I bought my 07 4.6L already modded. It has header back exhaust, ford racing throttle body, CAI, stiffened chassis. That’s what I have found so far.

At any rate, I know the factory horsepower on these is 300 hp. I found a Dyno test done on my car that showed 282 whp and 296 ft/lb torque. I assumed that was a pre-mod Dyno given the numbers.

I hear a lot about supercharged 4.6s topping out at around 400 hp but have heard as much as 600. I have not done a Dyno on my car yet. Obviously a Dyno will tell me real numbers in my car which I intend to do.

But, I am wondering if maybe the Dyno that I know was done at 282 whp is actually post mod? But that doesn’t make sense given factory rating. I would expect post mod to be 330ish. For those who have modded, what has been your experience in pre and post mod hp?

Thanks

 

[Dino Dino Bambino]

I bought my 07 4.6L already modded. It has header back exhaust, ford racing throttle body, CAI, stiffened chassis. That’s what I have found so far.

At any rate, I know the factory horsepower on these is 300 hp. I found a Dyno test done on my car that showed 282 whp and 296 ft/lb torque. I assumed that was a pre-mod Dyno given the numbers.

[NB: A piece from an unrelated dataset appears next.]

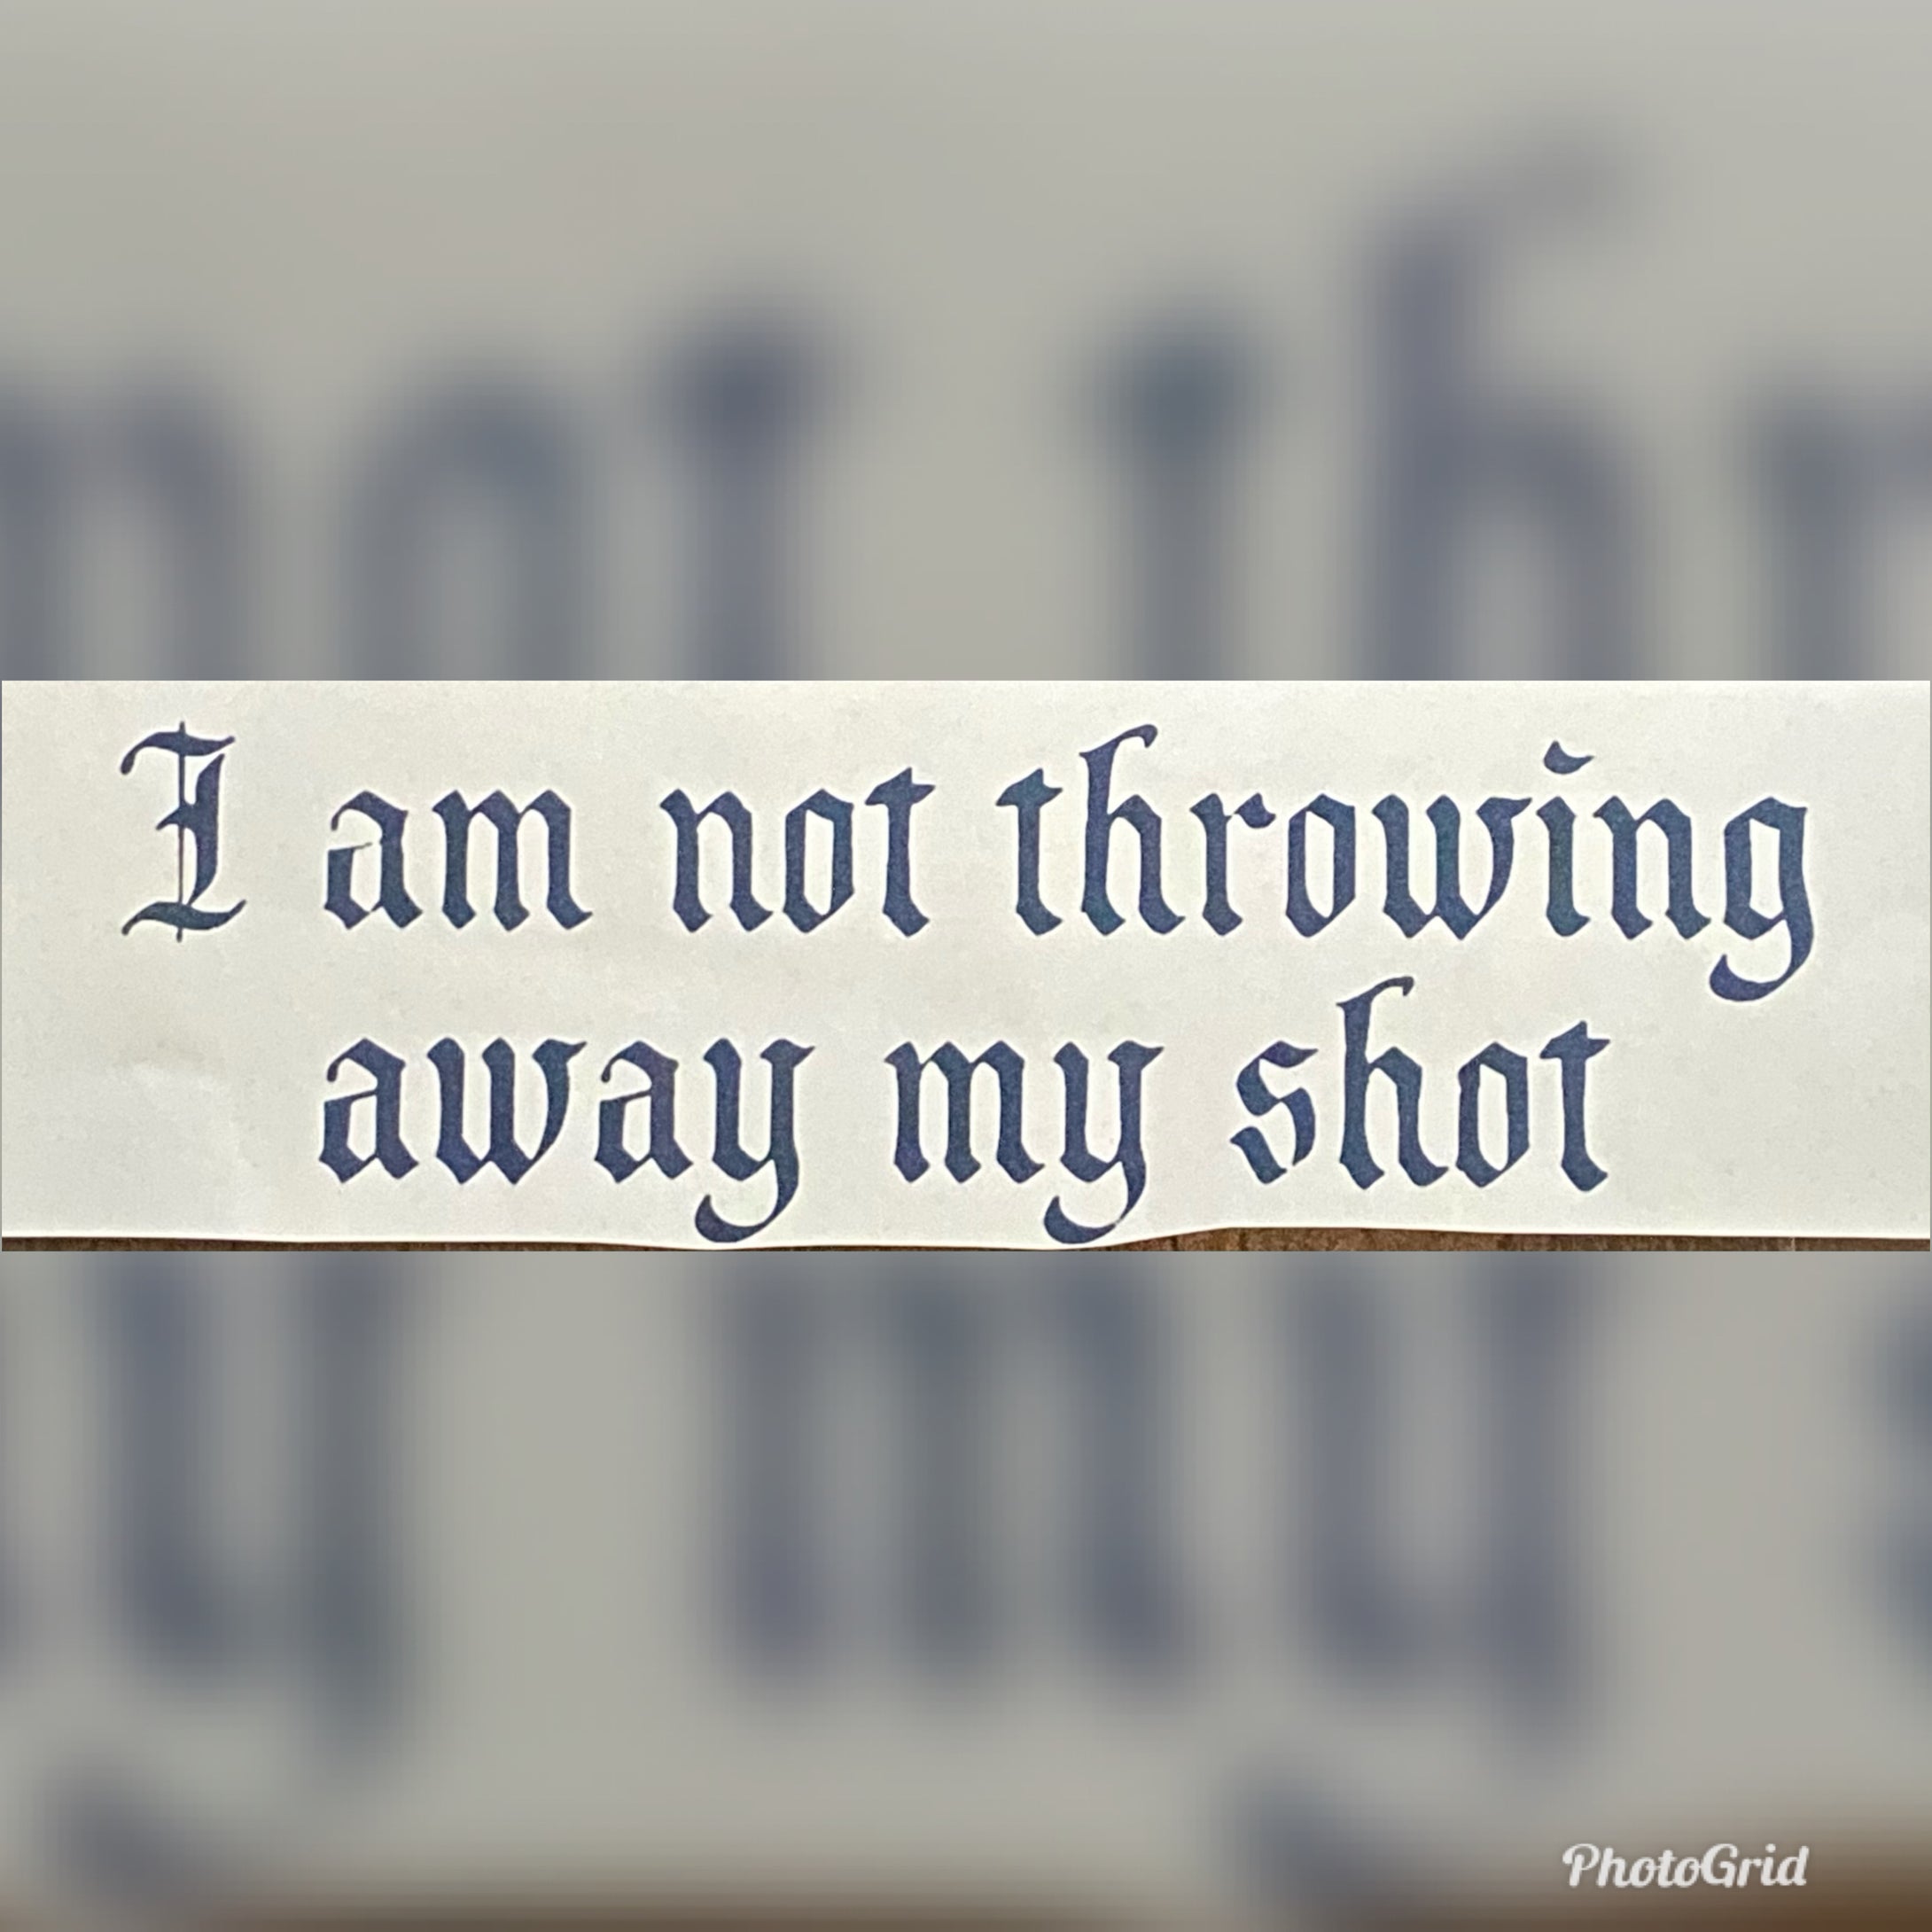 I am not throwing away my shot

Your numbers of 282/296 were at the rear wheels. Assuming a typical 12% drivetrain loss for these cars, that's about 320/336 at the crank. That said, the type of dyno you used can make a difference (inertia vs load dyno).

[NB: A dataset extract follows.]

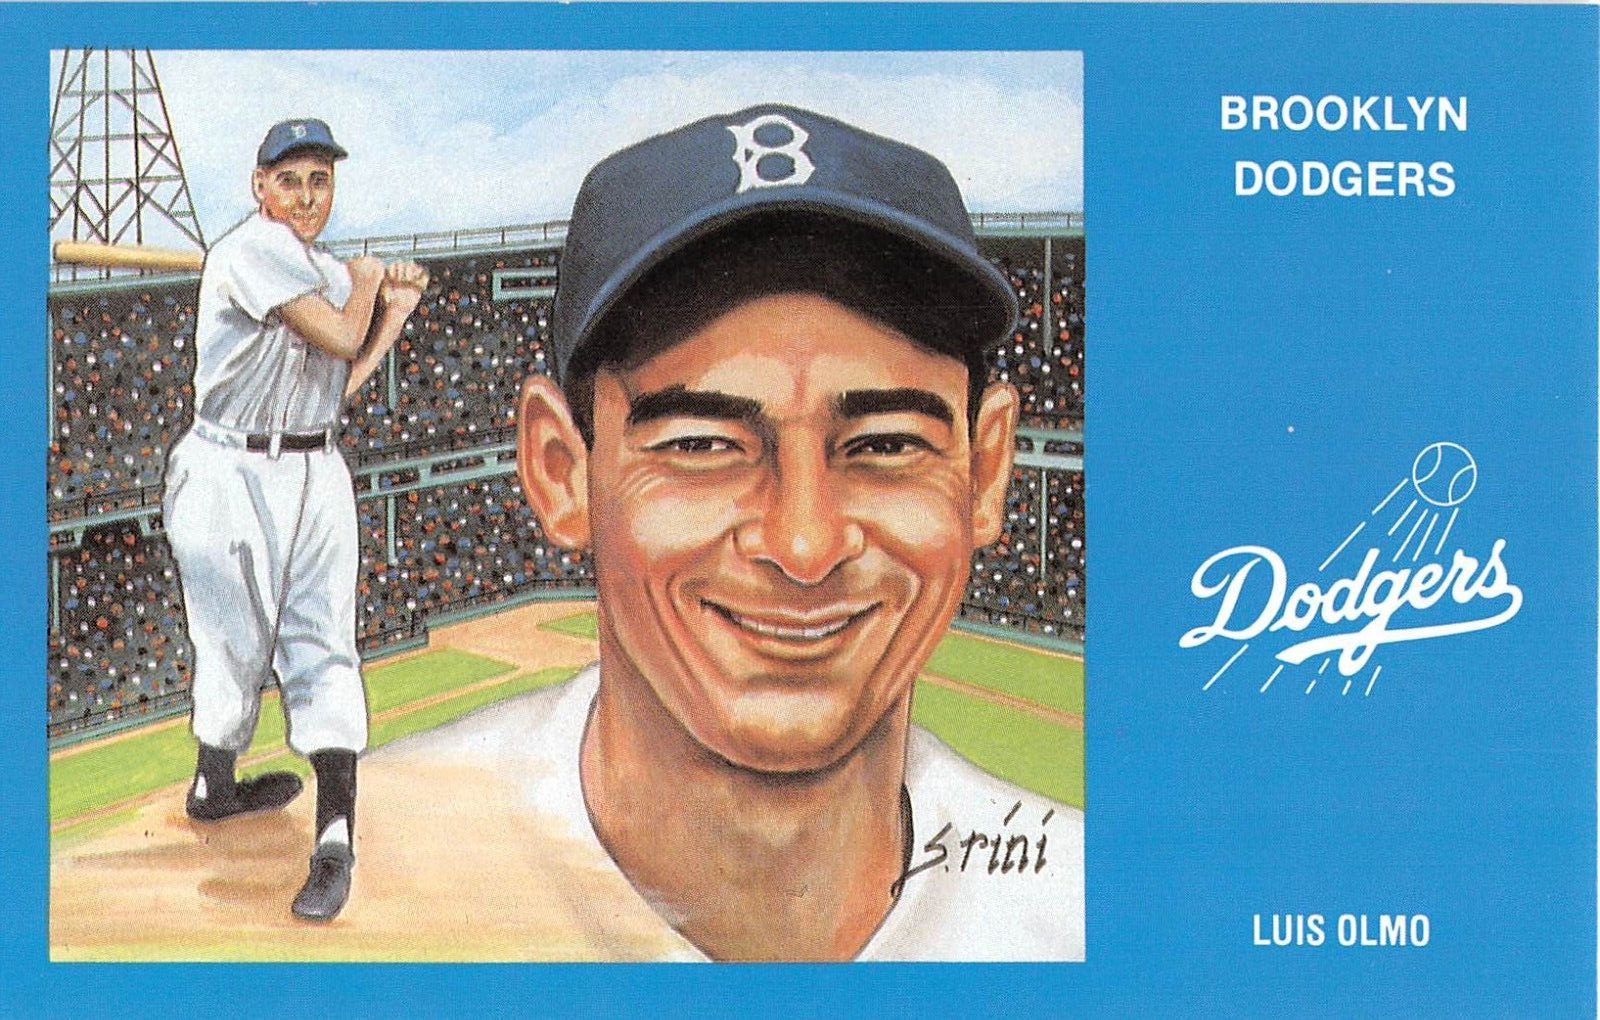 1991 Luis Olmo Brooklyn Dodgers post card Baseball

These page show what you can expect on the dyno from various N/A mods:

Mustang 4.6L Three-Valve Dyno Runs

https://www.angelfire.com/my/fan/Mustang2006GT/S197_Bolt_Ons.htm

 

[JC SSP]

Those are good numbers for a basically stock car. Enjoy your ride.

 

[AHaze]

Yeah, 282 wheel HP is likely the "after" number. IIRC, stock '05-'09 GTs put down 270 wheel at best. On a stock engine, the big throttle body will give you basically zero gain and any exhaust that retains the stock manifolds won't do much better.
As for supercharging a 4.6, there's lots of folklore out there on how far you can push it before the stock connecting rods snap and ventilate the block. Some say 450 WHP, others say the torque number is what matters and as long as that stays under 450, you should be OK. Either way, a good tune is vital and there are no guarantees. Some have grenaded at less than 450 WHP, others have been running at 470+ for years and I can think of at least one that made over 500 WHP for long enough to get some time slips.
If you're willing to drop the coin on a built short block, 600 WHP is relatively easy.

 

[Dcraig10004]

That 282/296 is definitely post-mod, and as mentioned above, it depends on what it was dynoed on. Generally, a Powerdyne Mustang Dyno is very stingy giving the numbers you hope for, but they are true numbers compared to other dynos. Throw a set of cams and a FR intake manifold on, and I think you'll be pleased with the results, but keep in mind you need a good tuning guy.

 

[MrBhp]

You just never know what you're going to get on a dyno. My car with nothing but exhaust and cai did 297 on a hot humid day. My tuner at the time felt like it had more in it, but it kept pulling timing back. He figured it was the cats. After long tubes and no cats it did 304. But it felt like a LOT more.
As far as how much hp/tq your specific motor can handle, that's also unknown. The guidelines you here are safe numbers for protecting the weakest components, which as previously stated is usually the connecting rods. I've been running 10lbs of boost with a single turbo setup. Some folks will say that's too much for a daily, but I've put 15,000 miles on it with no issues. And I drive it like a stolen mule. Turbo whp is easier on the engine than a centri or pd. A member on this forum had a built engine ready to go in. He has a single turbo setup on the original engine. Before he put the new long block in, he wanted to find the limits of the factory bottom end. He kept cranking up the boost over period of several weeks. I think he finally windowed the block at 18lbs. I may have that story wrong, but it's probably close enough. I can't remember who the member was.

 

[Dino Dino Bambino]

As far as how much hp/tq your specific motor can handle, that's also unknown. The guidelines you here are safe numbers for protecting the weakest components, which as previously stated is usually the connecting rods. I've been running 10lbs of boost with a single turbo setup. Some folks will say that's too much for a daily, but I've put 15,000 miles on it with no issues. And I drive it like a stolen mule. Turbo whp is easier on the engine than a centri or pd.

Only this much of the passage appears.